This document details an application of dimension reduction methods to multi-omic data from a sample of breast cancer tumors collected via The Cancer Genome Atlas. Data is available for `r ncol(expressionDat)` subjects. Data is available for three genomic variables: gene expression (with `r nrow(expressionDat)` measured genes), methylation (with `r nrow(methylationDat)` probes), and micro RNA (with `r nrow(mirnaDat)` molecules). Our goal is to explore the distribution of this data via dimension reduction approaches. We will use the JIVE method, which considers 'omic-specific and mixed factors, and stacked PCA, which does not.

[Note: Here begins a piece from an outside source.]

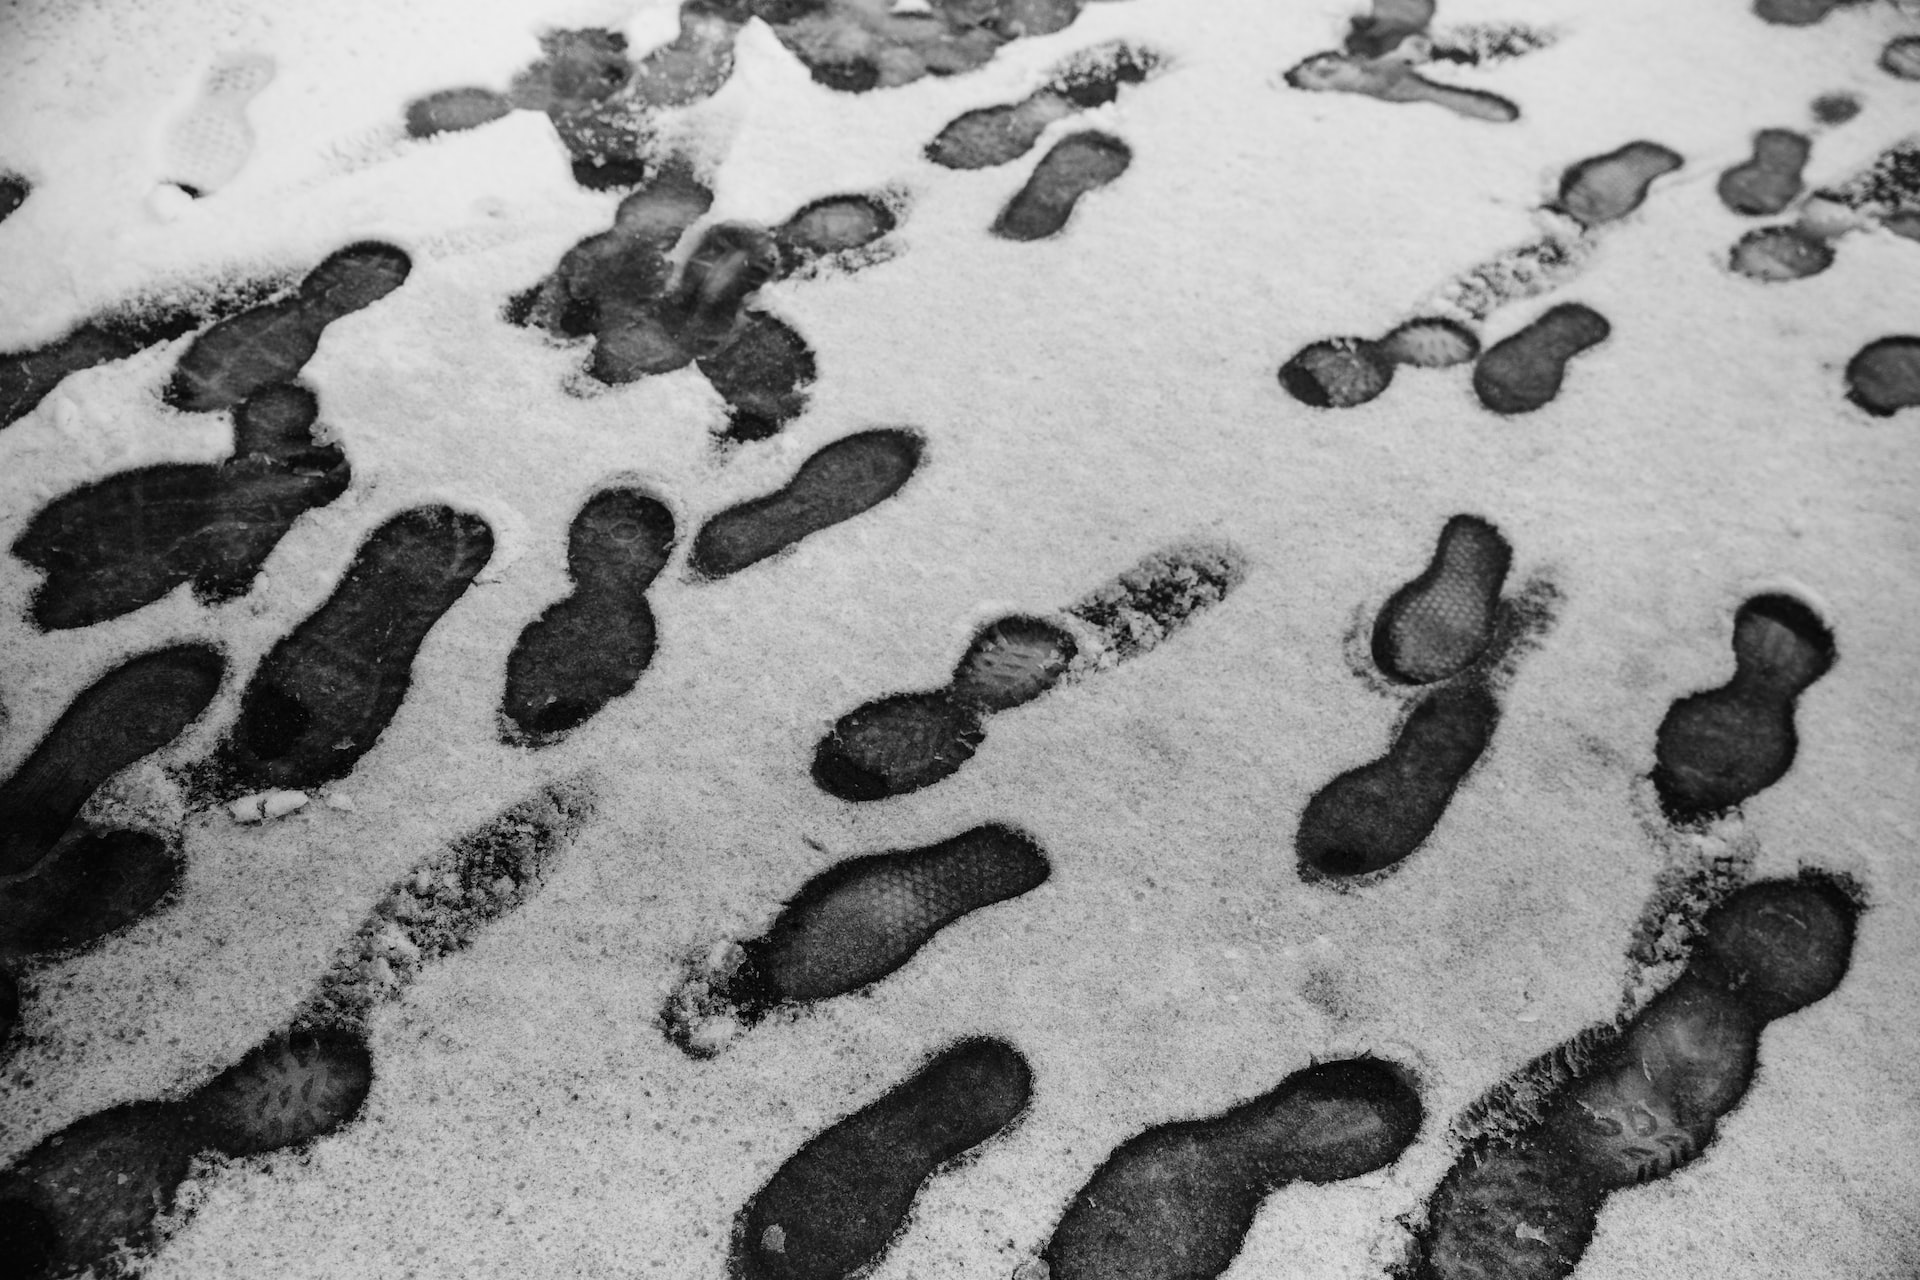 Fussabdrücke im Schnee. (Bild: Jason Leung)

Although dimension reduction is a fundamentally unsupervised method, we demonstrate the utility of the dimension reduction approache with respect to some clinical variables. In particular, we consider tumor subtype and survival time. Tumor subtype is considered in two forms: dichotomized into 'ductal carcinoma' and 'other', and trichotomized into 'ductal carcinoma', 'lobular carcinoma', and 'other'. Survival is defined as the number of days to death, and is censored by the number of days to last follow up.

```{r}
###describe the distribution of tumor subtype
print(summary(factor(subtypeThree, levels = c(0,1,2), labels = c("Other", "Ductal Carcinoma", "Lobular Carcinoma"))))

###plot the survival curve
autoplot(survfit(Surv(survivalTime,survivalInd)~1)) + xlab("Time (days)") + ylab("Survival")
```

Jive uses a permutation methodology to parse structure from residual noise, i.e., to determine the number of factors to use in the reconstruction of the joint structure and the per-omic individual structure. This permutation process can be run with the commented-out code in the code block below; however, to reduce processing time, the selected ranks have been input manually. 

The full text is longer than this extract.